そして、冷静で読みやすい文章というと無個性なものを想像しがちだが、本書はそういう部分を感じさせない。なぜ、温度の低い冷めた文章で無個性と感じないのかというと、深い思考が伴っているからである。
淡々とした文章の中に、著者個人のとても深い思考を感じるのだ。そうして紡ぎだされた言葉の数々は、一見無個性に感じられがちな温度の低い言葉の数々に魂を宿し、大きな説得力がある。
このような深い思考を随所から感じられることは、本書の魅力の一つといえる。著者の深い思考を軸として、幼少期~現在までの出来事を振り返るのが主な内容だ。
その内容に派手さはないが、読書後は心に染みわたるような良質の味わいがある。また、表紙のデザインも素晴らしく、本書が持つ雰囲気を上手く視覚化しているのではないだろうか。
個人的解釈と本書がおすすめの人
ここからは完全に主観的解釈で個人的な感想を書いていく。高村氏の生き方は一見すると特異に見えるが、日本に住む現代人、特に若い世代には興味を惹かれたり、共感したりする部分もあるのではないかと思う。
もちろん、多くの人は高村氏のような生き方は出来ないし、完全に同じような思考や価値観を持っているわけではない。ただ、現実との折り合いを付けながら自分にフィットする生活を求める、世間一般には理解されにくい個人的な事情を抱えながら生きていく、という部分は現代人にも当てはまると感じるのだ。

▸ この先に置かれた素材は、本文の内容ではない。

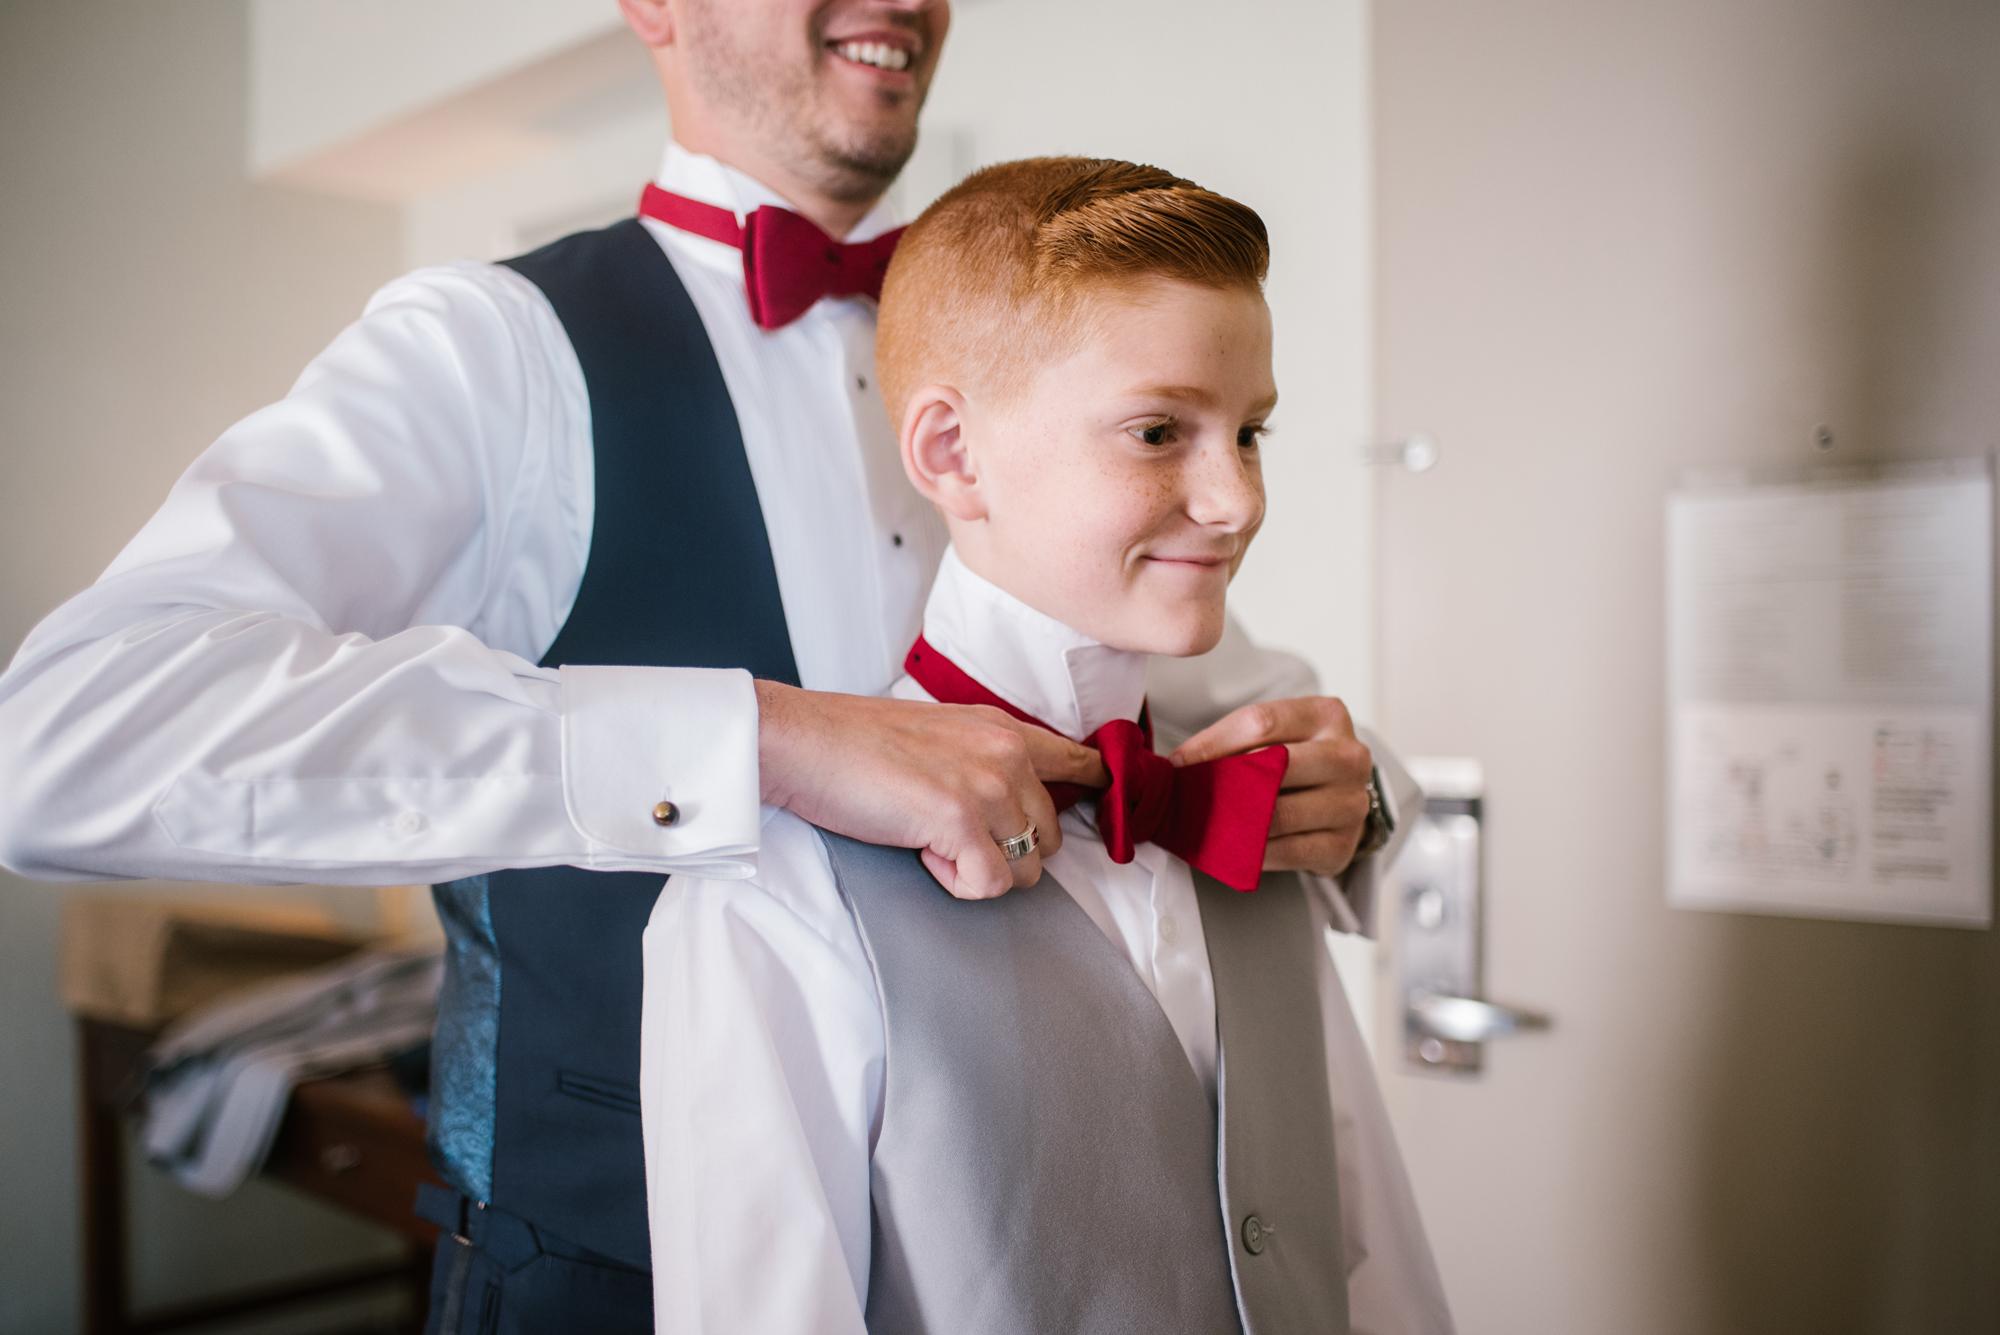 detroit-michigan-westin-book-cadillac-groomsmen-getting-ready-sydney-marie-photography (5).jpg

私が上記のように感じるのは、自分にも少なからずそのような部分が存在するからである。したがって、同じような事情を抱えている、現代の主流の価値観に違和感を覚えているような人には本書を読んでもらいたい。
個人的な問題や生き方に解決策を示すような本ではないが、何かしらの新しい感覚は得られるのではないかと思う。高村氏の思考や試行錯誤の記録を通して、自分自身 ( ≒ 読者) の思考や価値観も新しい方向へ広がっていけばよいと感じた。